The next time you are stuck needing some small talk, here’s a little trivia for you. The average elevation for the state of Arizona is roughly 4,100 feet. Yet that fact covers up a big hole in the data. Actually, one of the biggest holes. The Grand Canyon is also in Arizona. Its elevation bottoms out at only 70 feet in the canyon. Now you’re saying “Of course it glosses over the Grand Canyon. That’s what an average does. It smoothes over the really high peaks and really low valleys.”
So then why do we use the average when trying to understand your customer?
The whole point of understanding your customer is to understand their pain points, their usage, and what innovations they would gain from. But if we keep just looking at average data to “get a feel” for how the whole group is using your prototype, then you could be missing grand canyons of opportunity.
Let’s change the lens for this. Imagine you are a teacher and you are looking at the grades for your students at the end of the year. Half of your class ended with a grade of 100%, the other half ended with a grade of 50%. Would you just average them out and say that your class earned a 75%? You wouldn’t unless you wanted to be looking for a different line of work in the fall. No, you would see two distinct “user-groups” in your classroom. Regardless of grade, both user-groups need your attention.
You would work hard to understand why it wasn’t working for your 50-percenters. You would try new things, different strategies, and observe to identify their pain points. Even your 100-percenters need you. You need to observe them as well to find what is working, try to push them to new territory, and give them some challenges. You would be doing so much to understand your students.
Similarly in innovation, we must journey to the bottom of data canyon to understand our customers.
Let’s look at what the average leads us to. Based on analytics, a website was tracking an average of 5 minutes per session duration. Remembering what we can about averages from freshman year, we imagine the graph to look like this beauty.
Yet, through the magic of mathematics, this graph is also equally likely and just as valid.
Whoa! Talk about two completely different use cases for this website. Let’s put the graphs together to get the whole picture.
Only in some cases would innovating for the average actually provide some benefit to our customers. There are other valid cases where innovating for the average wouldn’t benefit the customers at all. Talk about wasted time, development, and effort.

Rogers Everett – Based on Rogers, E. (1962) Diffusion of innovations. Free Press, London, NY, USA.

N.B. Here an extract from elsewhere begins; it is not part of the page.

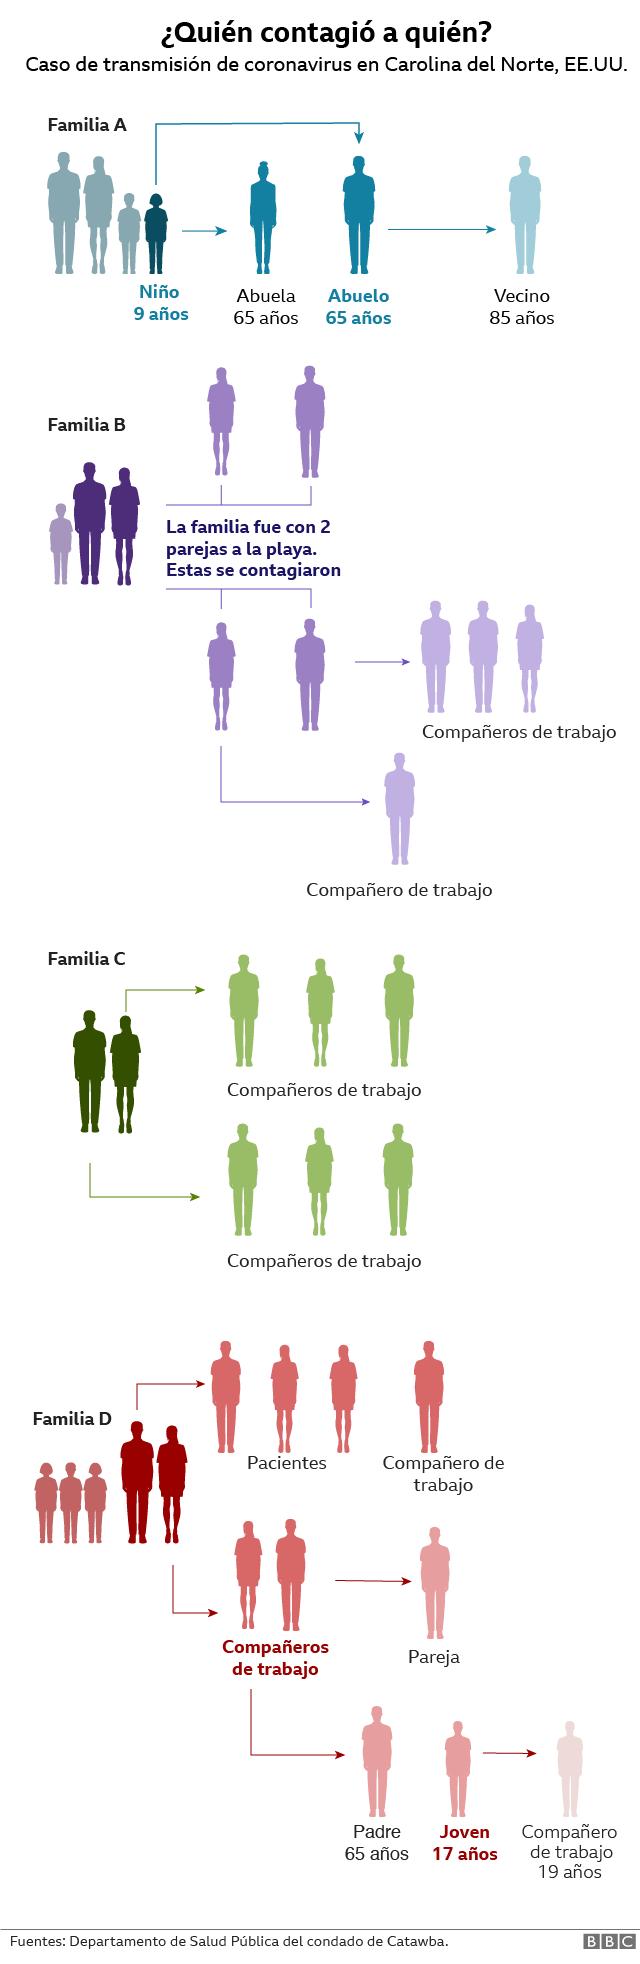 Visualización de quién contagió a quién de covid-19.

Another great example of this is to look at the Diffusion of Innovations curve. Ignore the extremes for now and look at what aiming for the average would get you. You would be nestled between the Early Majority and the Late Majority of customers. Your innovation would be targeting a user-group that is torn between being scared and skeptical of change. They would be wanting to get something out of your innovation, but at the same time they just don’t want to get left behind.
So what is a good innovator to do? One thing that we are always fond of is looking for micro-patterns instead of macro-solutions. Macro-solutions are the golden bullet, “this will work for everyone” type of product. These have their benefit in some instances but not when you are trying to understand your customers. Remember that averages smooth out the mountains and canyons that customers experience. Macro-solutions need averages to survive.

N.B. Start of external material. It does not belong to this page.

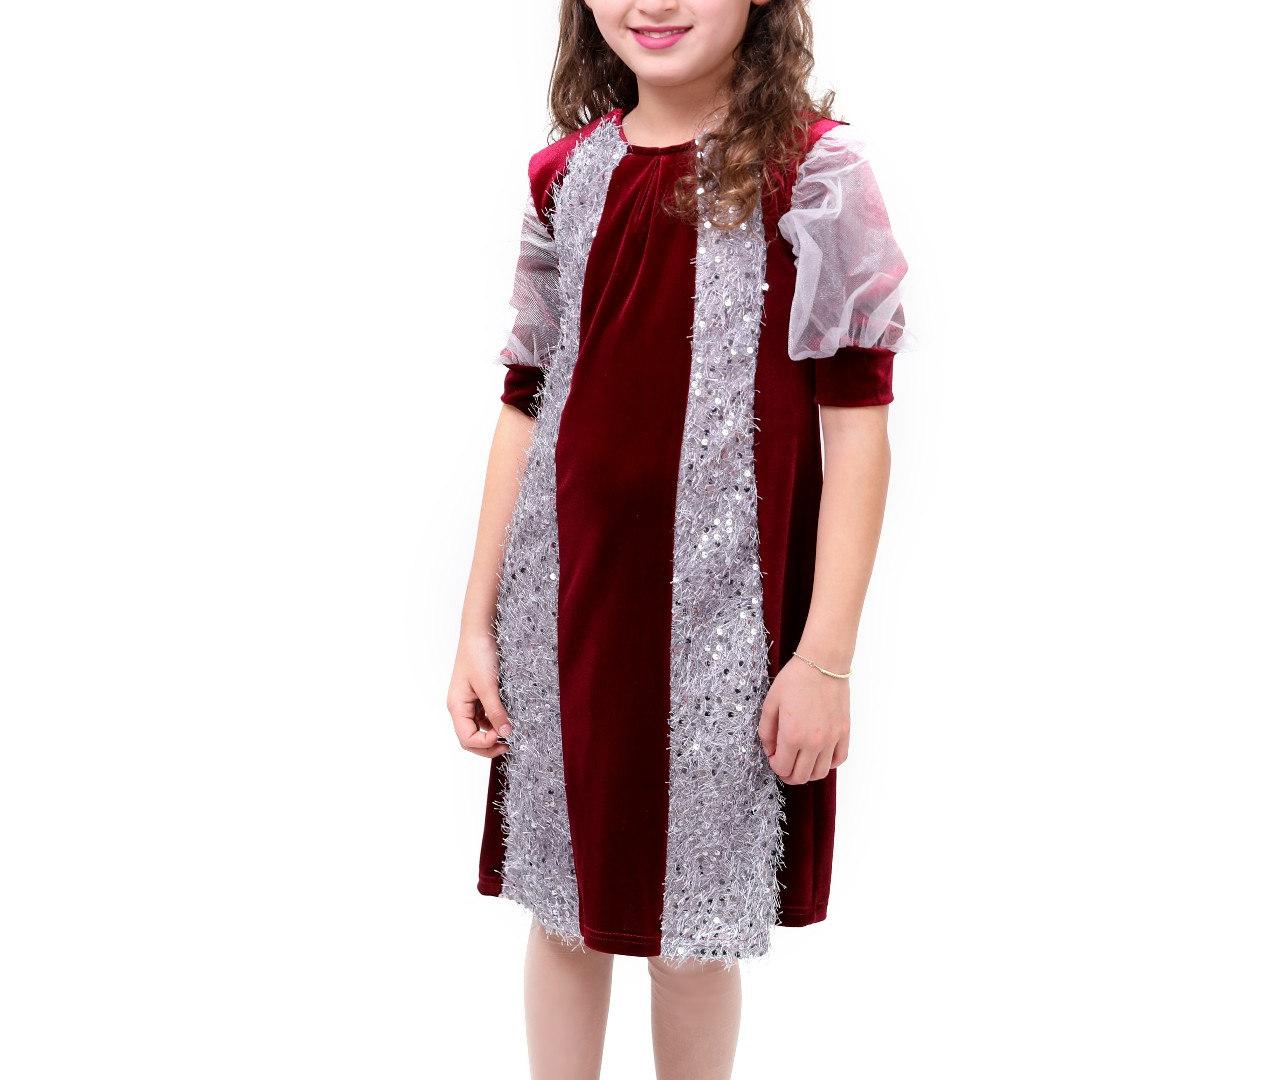 שמלת קטיפה משולבת  malaya | מאליה אופנת ילדים

Micro-patterns help shed light on your customer personas. Go back to the classroom scenario, even though it is simplistic. Just looking at the grade data beyond the average shows us that their are at least two distinct customer personas in the class. It is ok to have multiple personas as long as you understand that they have different needs and desires from your product. The students with 100% grades have different demands from the classroom than the students with 50% grades. Your job as the innovator is to decide which group to innovate for.
The more complex your data is, the more micro-patterns there may be… and this is ok. Complex is neither good nor bad, it just is. As an innovator you aren’t here to judge numbers, you’re here to listen to their stories. And stories can be as deep as the Grand Canyon sometimes, but you have to make the trek to the bottom via mule to truly understand the customers there. Don’t let the shiny averages distract you with their homogenous targets for innovation.
Challenge:
Take a look at some data for your innovation.
- What are some of the shiny, yet deceiving, averages that exist?
- Dive deeper into your data. Are your averages glossing over some of the customer stories?
- Try to identify the different, distinct user-groups for your innovation. List their pain points.